> **DATA PROVIDED**:
--------------------
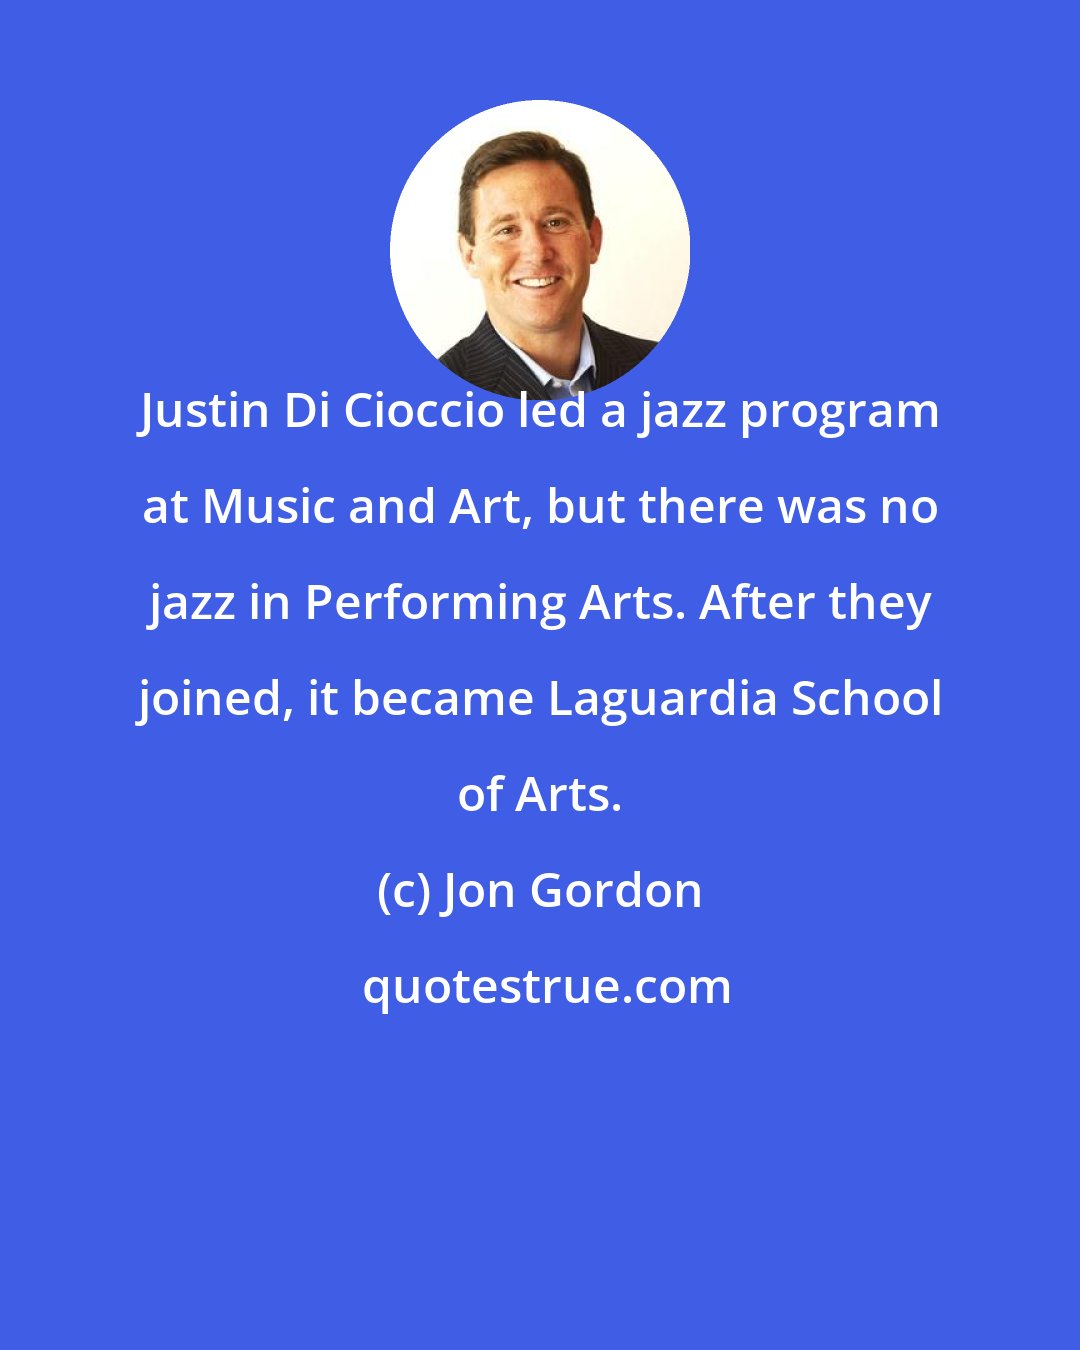 Jon Gordon: Justin Di Cioccio led a jazz program at Music and Art, but there was no jazz in Performing Arts. After they joined, it became Laguardia School of Arts.
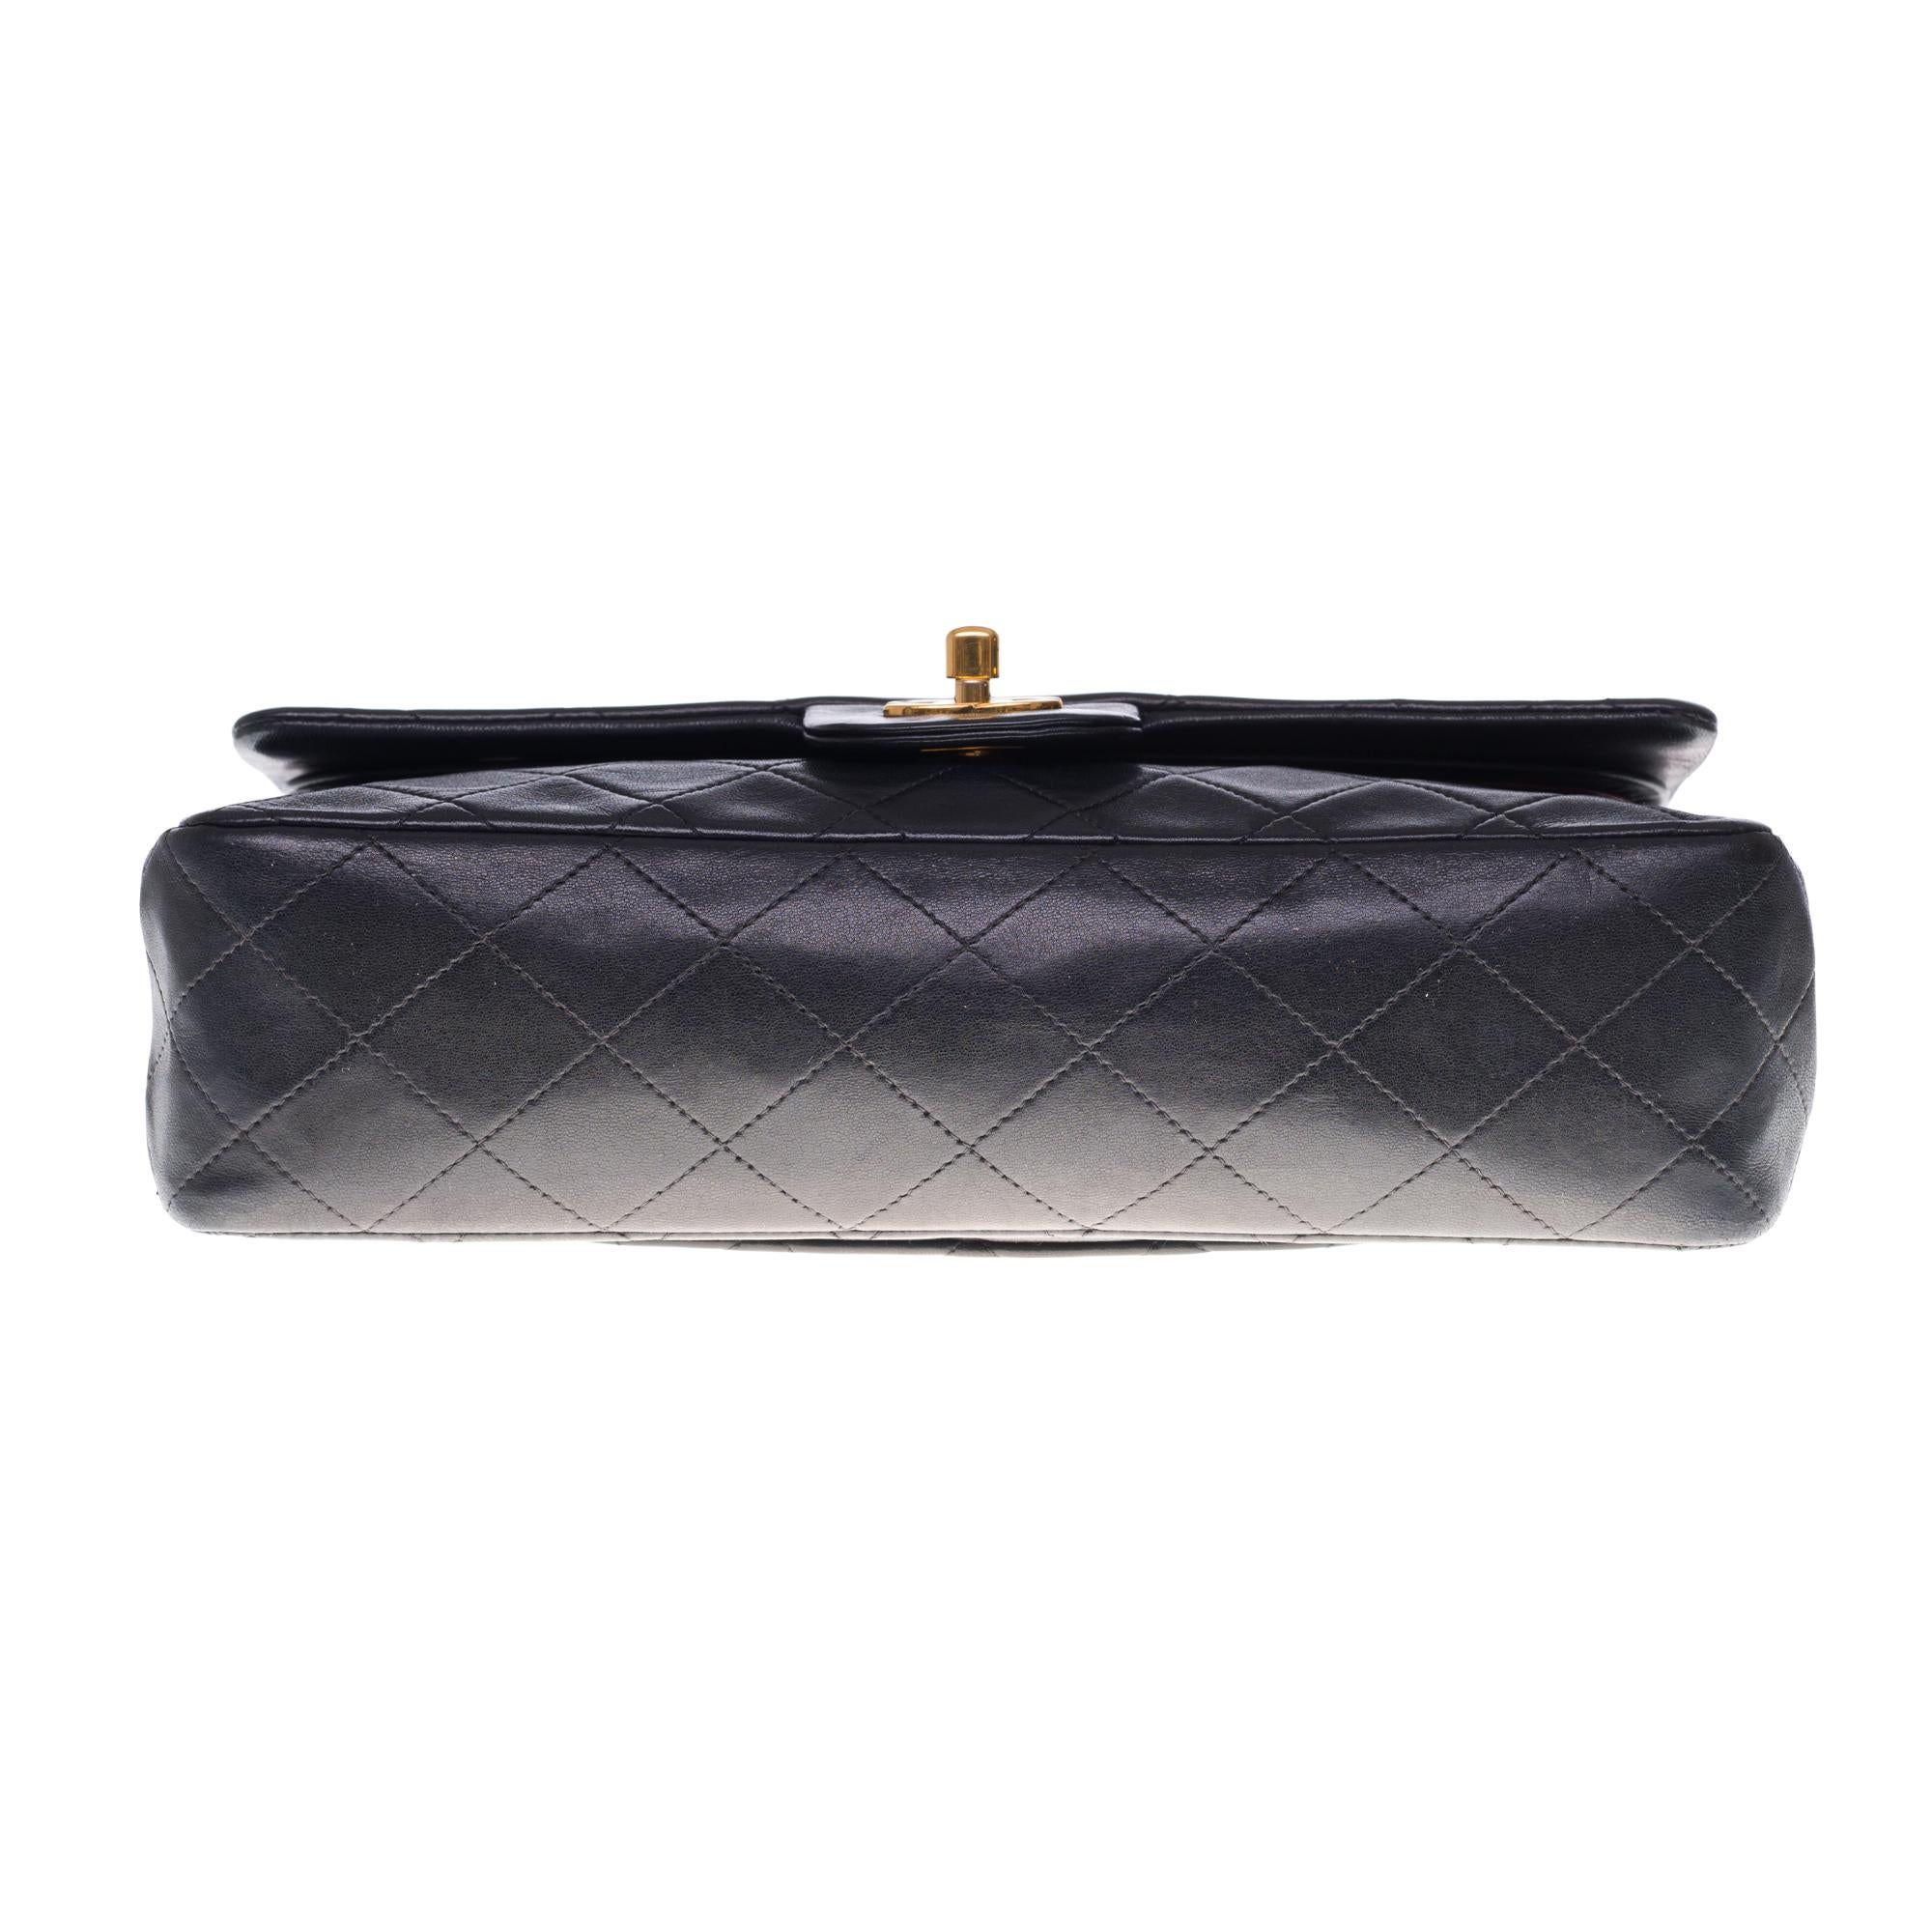 Chanel Timeless Medium Shoulder bag in black quilted leather and gold hardware 3
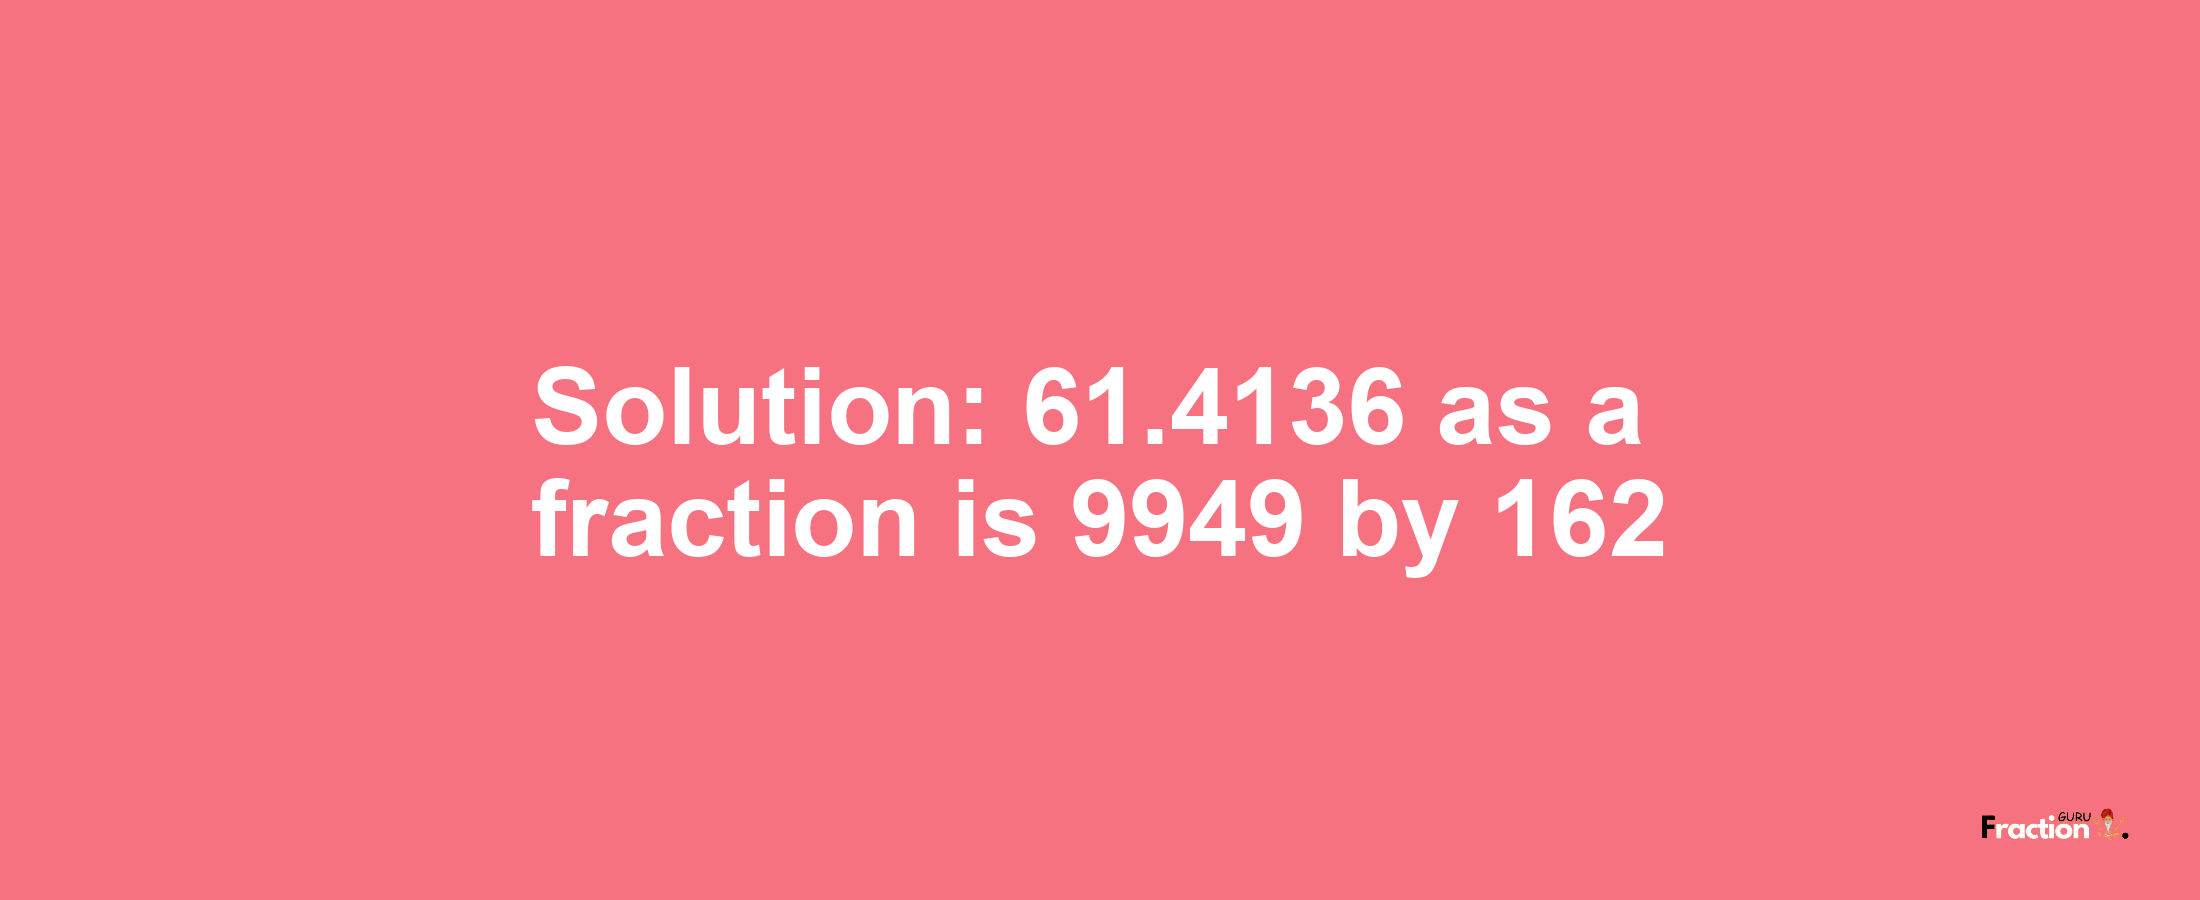 Solution:61.4136 as a fraction is 9949/162
--------------------
> **TASK BRIEF**: Reproduce the material in full, word for word, and omit the pictures.

> **OUTPUT BELOW**:
 Jon Gordon: Justin Di Cioccio led a jazz program at Music and Art, but there was no jazz in Performing Arts. After they joined, it became Laguardia School of Arts.
 Chanel Timeless Medium Shoulder bag in black quilted leather and gold hardware 3
 Solution:61.4136 as a fraction is 9949/162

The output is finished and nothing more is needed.